**Provided data**
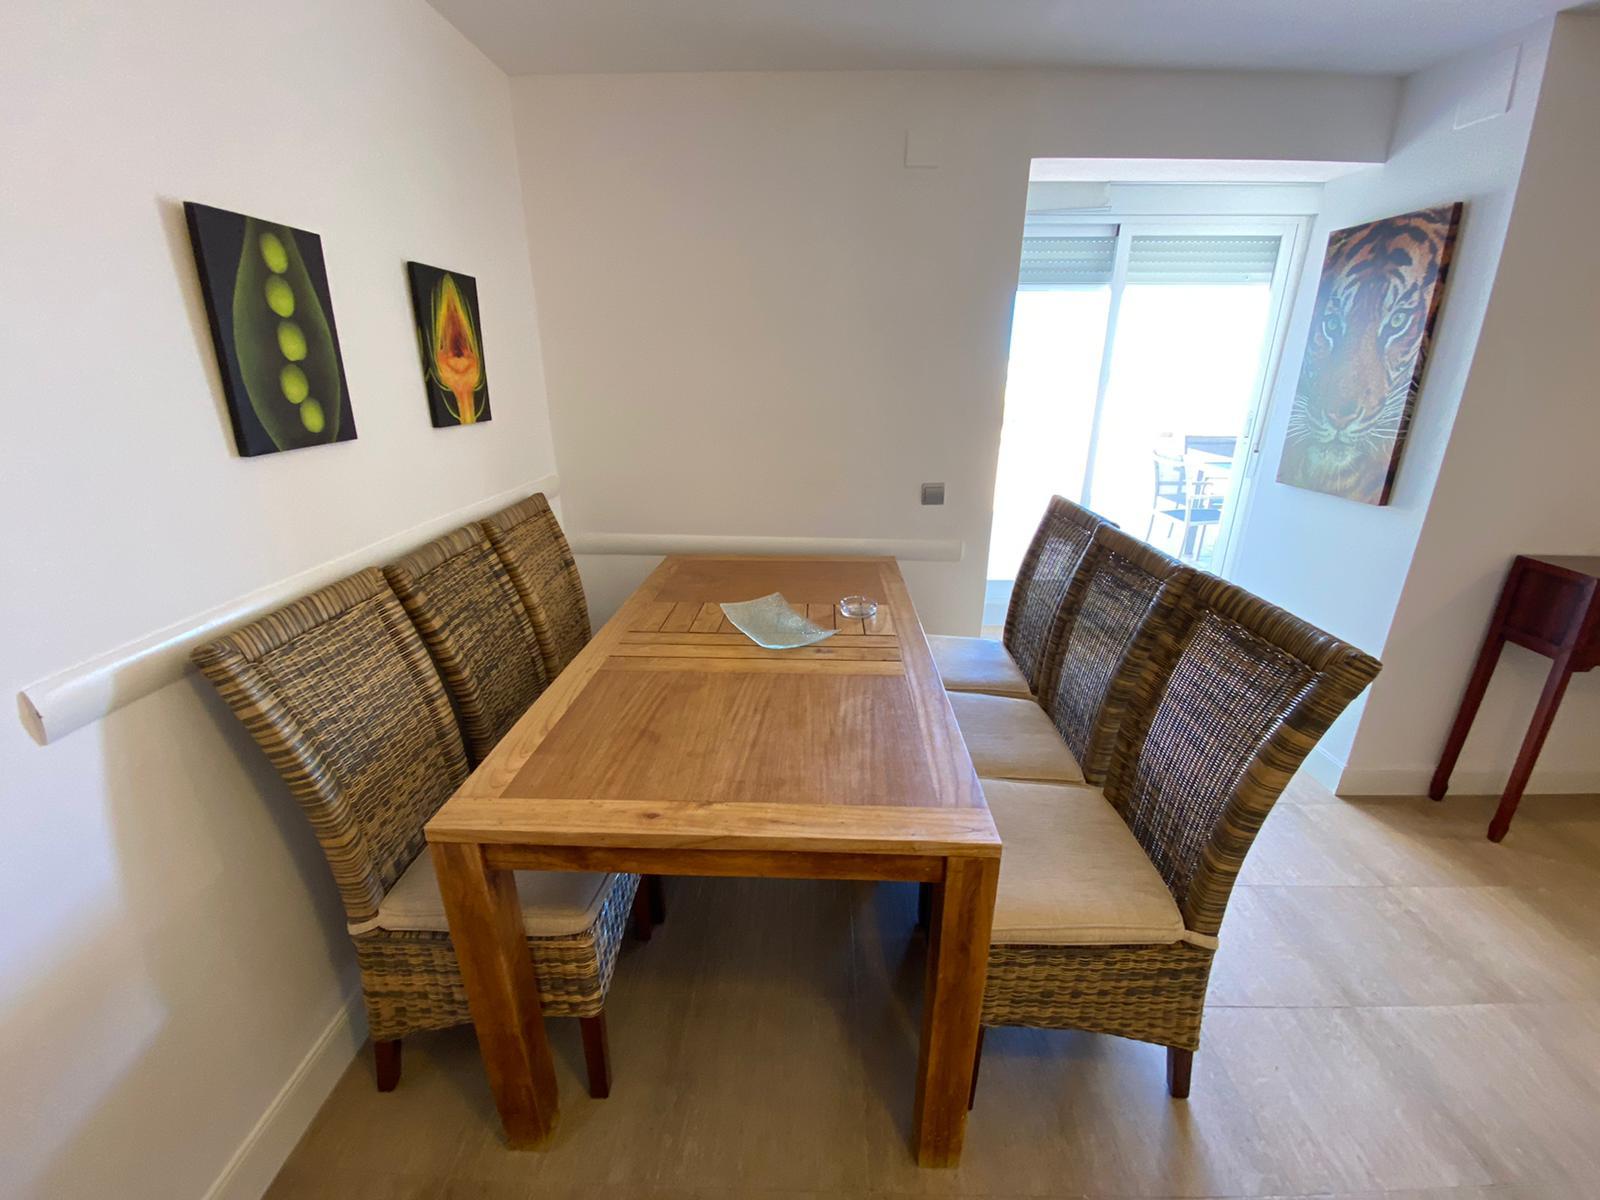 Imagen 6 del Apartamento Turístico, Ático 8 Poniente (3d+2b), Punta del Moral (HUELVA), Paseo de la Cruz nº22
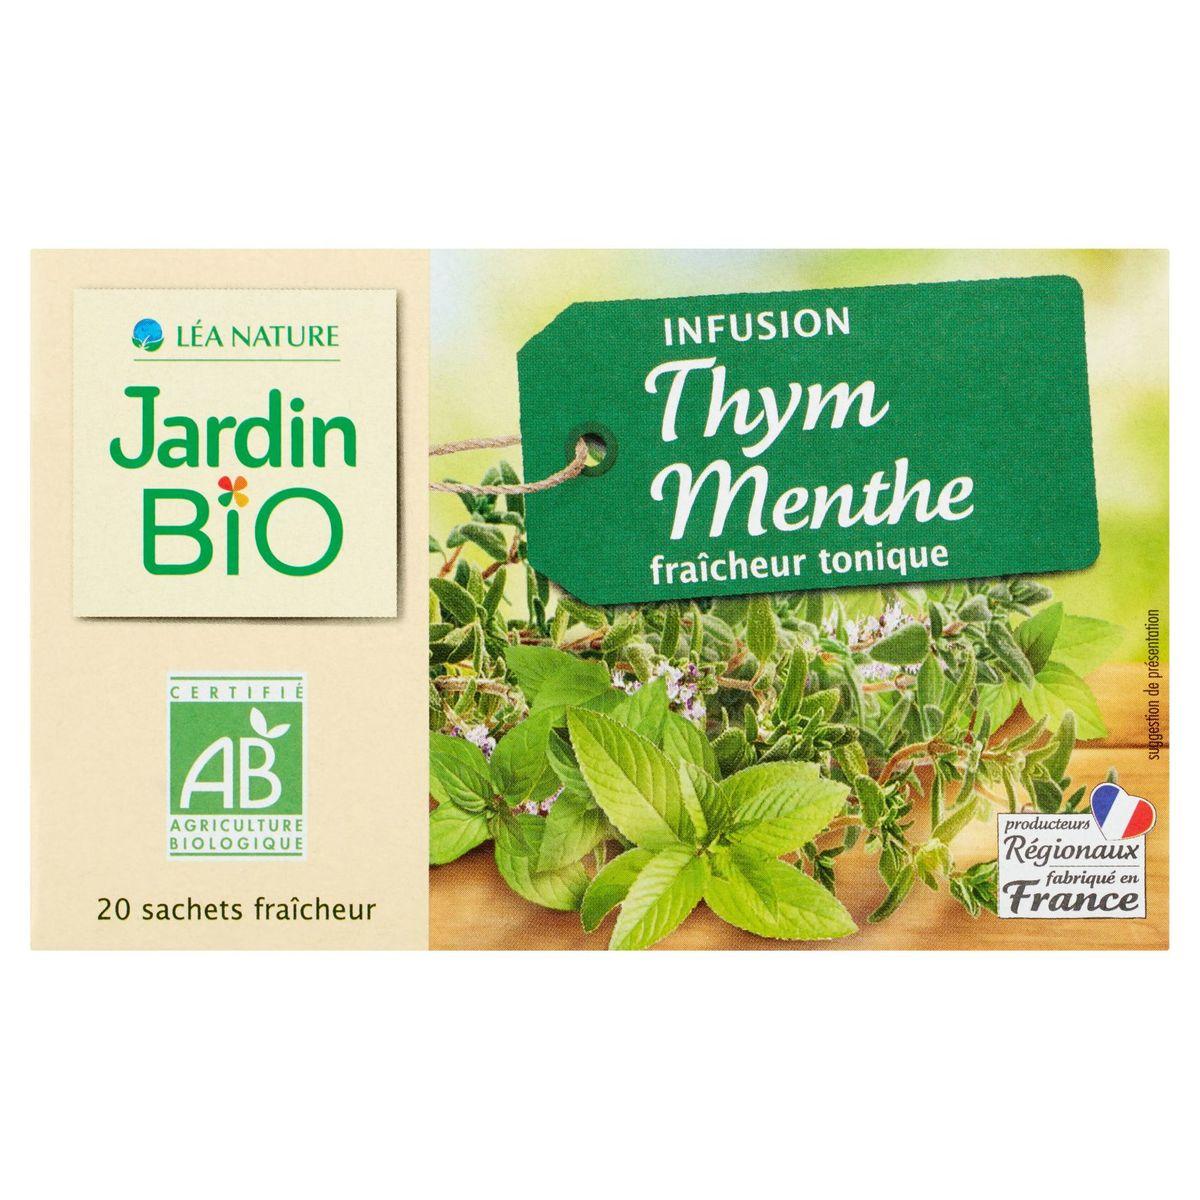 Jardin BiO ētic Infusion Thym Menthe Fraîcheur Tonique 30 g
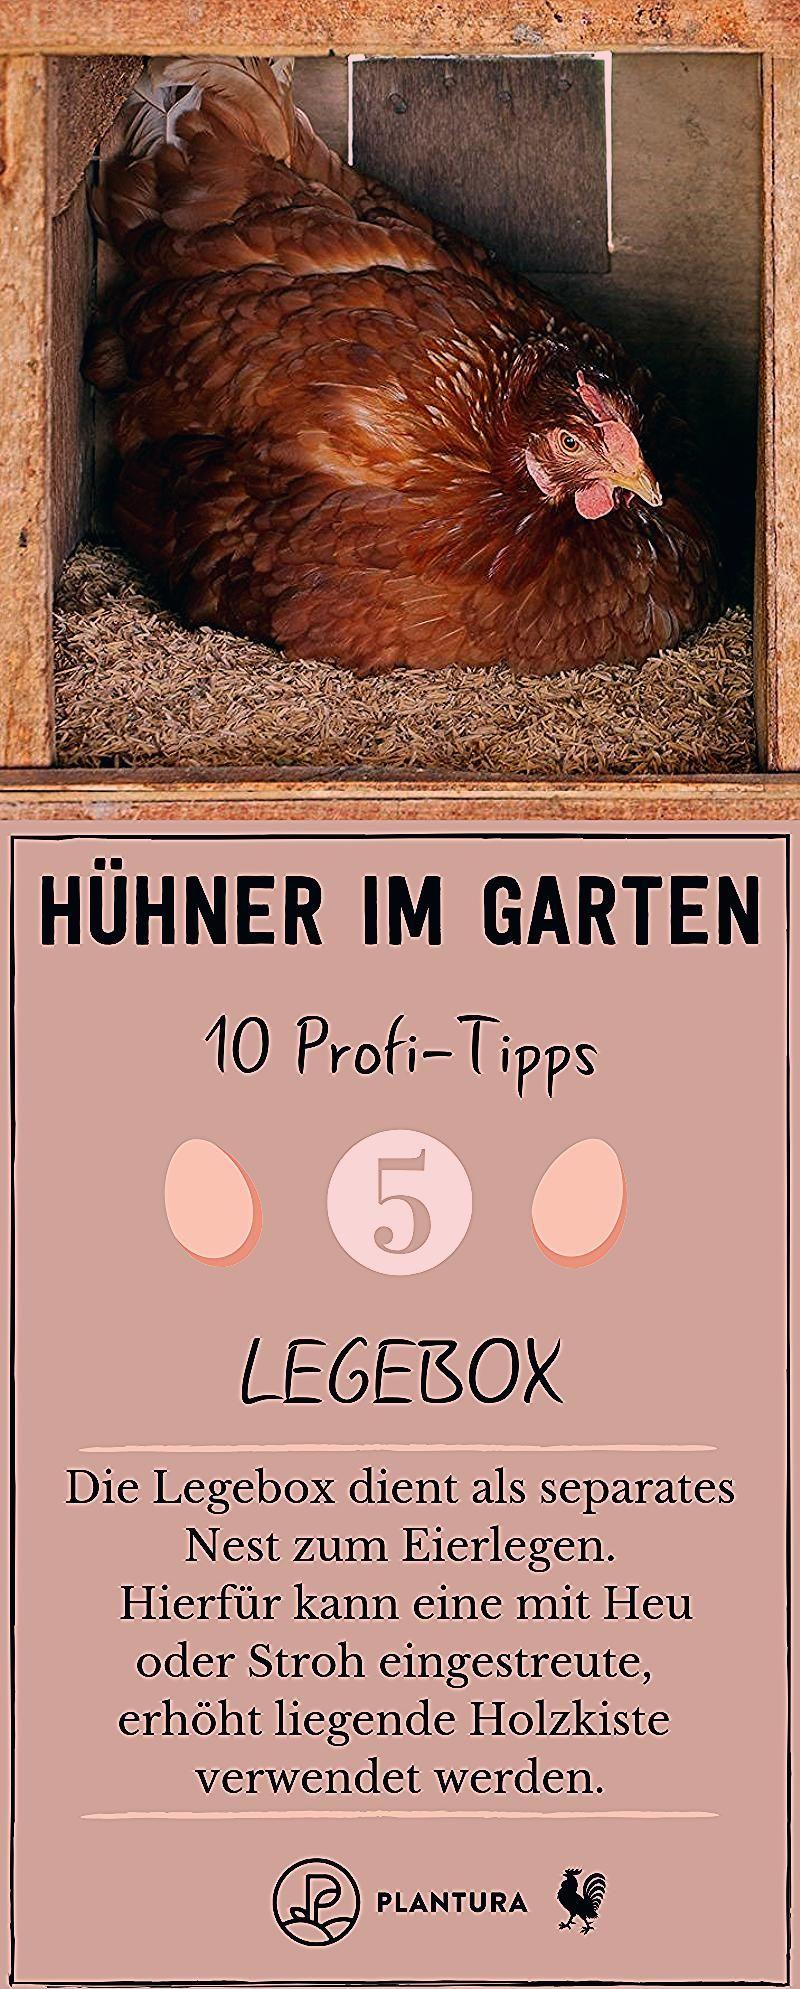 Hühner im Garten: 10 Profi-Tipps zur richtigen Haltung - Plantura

**Your instructions**
Please restate the material word for word; the pictures stay out.

**Your solution**
 Imagen 6 del Apartamento Turístico, Ático 8 Poniente (3d+2b), Punta del Moral (HUELVA), Paseo de la Cruz nº22
 Jardin BiO ētic Infusion Thym Menthe Fraîcheur Tonique 30 g
 Hühner im Garten: 10 Profi-Tipps zur richtigen Haltung - Plantura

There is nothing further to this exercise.